Boeing hiring, targeting early Q4 return for 737 MAX

By Global Times – Reuters Source:Global Times - Reuters Published: 2019/8/22 18:18:41

Boeing Co said on Tuesday that it plans to add extra staff and hire "a few hundred" temporary employees at an airport in Washington state, where it is storing many grounded 737 MAX jetliners. This is a key step in its best-case plan for resuming deliveries to airline customers in October.

The world's largest planemaker is burning cash as one of the worst crises in its history stretches into its sixth month. 

It said workers will assist with aircraft maintenance and customer delivery preparations at Grant County International Airport.

The hiring plans are the first publicly-detailed steps Boeing has taken as it works to deliver hundreds of grounded 737 MAX jets to airlines globally - an undertaking that would amount to one of the biggest logistical operations in modern civil aviation.

Chicago-based Boeing has been unable to deliver any 737 MAX aircraft since the single-aisle plane was grounded worldwide in March, after two fatal crashes in Indonesia and Ethiopia killed 346 people, cutting off a key source of cash and hitting margins.

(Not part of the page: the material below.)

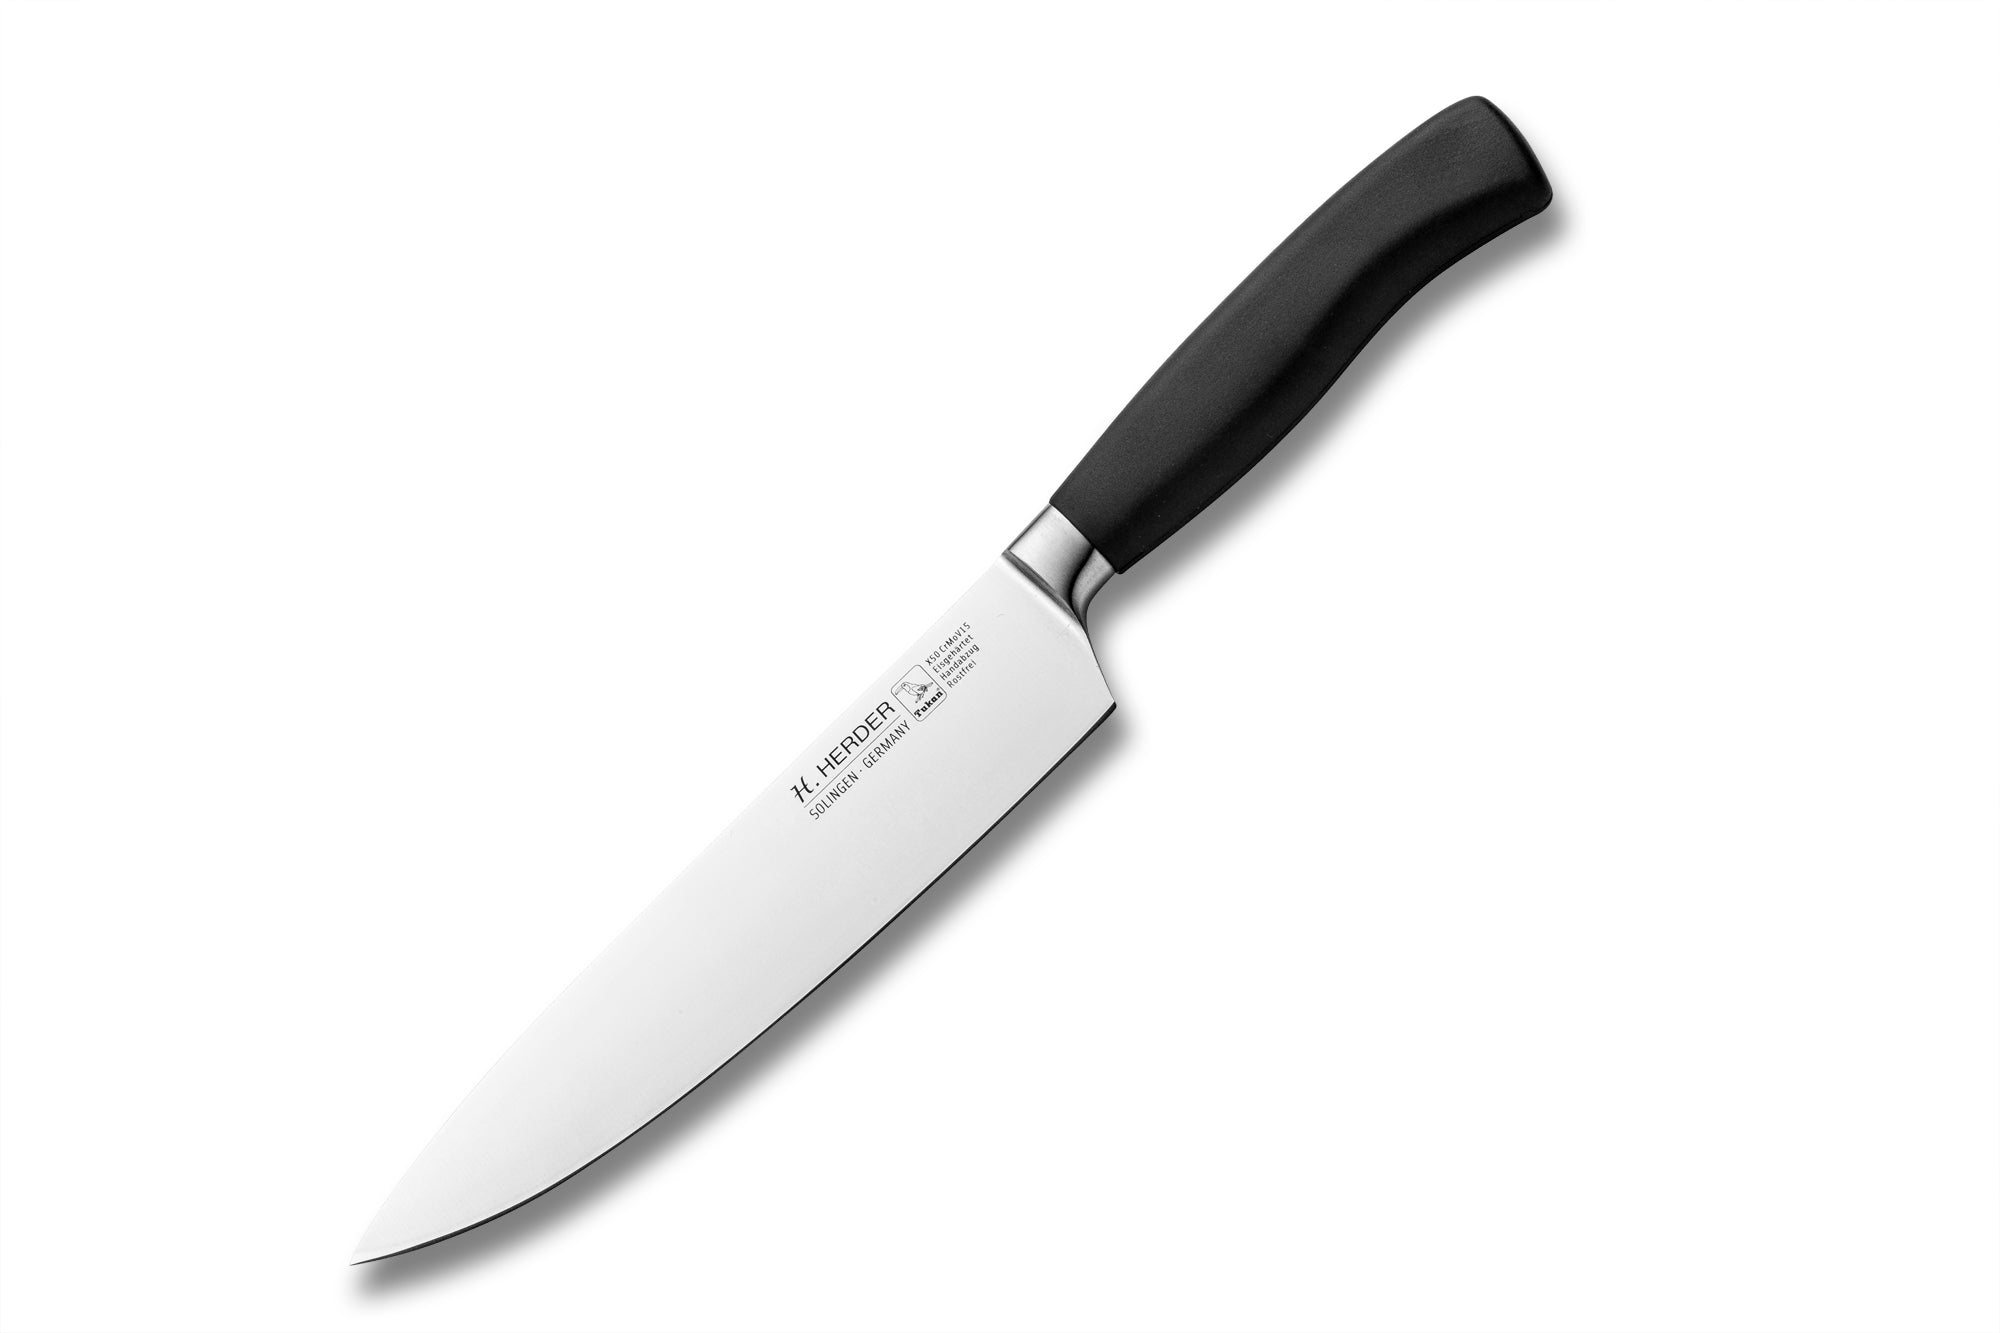 Cuchillo de cocinero Eterno Gastro, longitud de la hoja 21cm

Global airlines have had to cancel thousands of flights and utilize spare aircraft to cover routes that were previously flown with the fuel-efficient MAX, eating into their profitability. Many carriers have removed the MAX from their schedules until late into the autumn or early 2020.

Boeing reiterated on Tuesday that it was working toward getting the 737 MAX back into commercial flight in the "early fourth quarter," after it acquires the approval of its reprogrammed software for the stall-prevention system which was at the center of both crashes.

In late July, US Federal Aviation Administration Deputy Administrator Dan Elwell declined to be pinned down to Boeing's previously-stated target of an October entry into service.

"We don't have a timeline," Elwell said. "We have one criteria … When the complications to it have been satisfactorily assessed, and the MAX is safe to return to service, that's the only criteria."

Boeing said it plans to move all aircraft from Moses Lake, an eastern Washington location where it runs test flights, to facilities in the Seattle and Everett areas where its factories are located.

Hundreds of Boeing 737 MAX jets remain grounded worldwide, and Boeing has continued building the jets at a rate of 42 per month in the Seattle area. 

The US planemaker is also storing newly-built aircraft outside its factories in Renton and Everett, around Seattle. Additionally, it has jets parked at a facility in San Antonio, Texas.

The total cost of the 737 MAX crisis thus far is more than $8 billion, mainly due to the compensation the planemaker will have to pay airlines for delayed deliveries and lower production.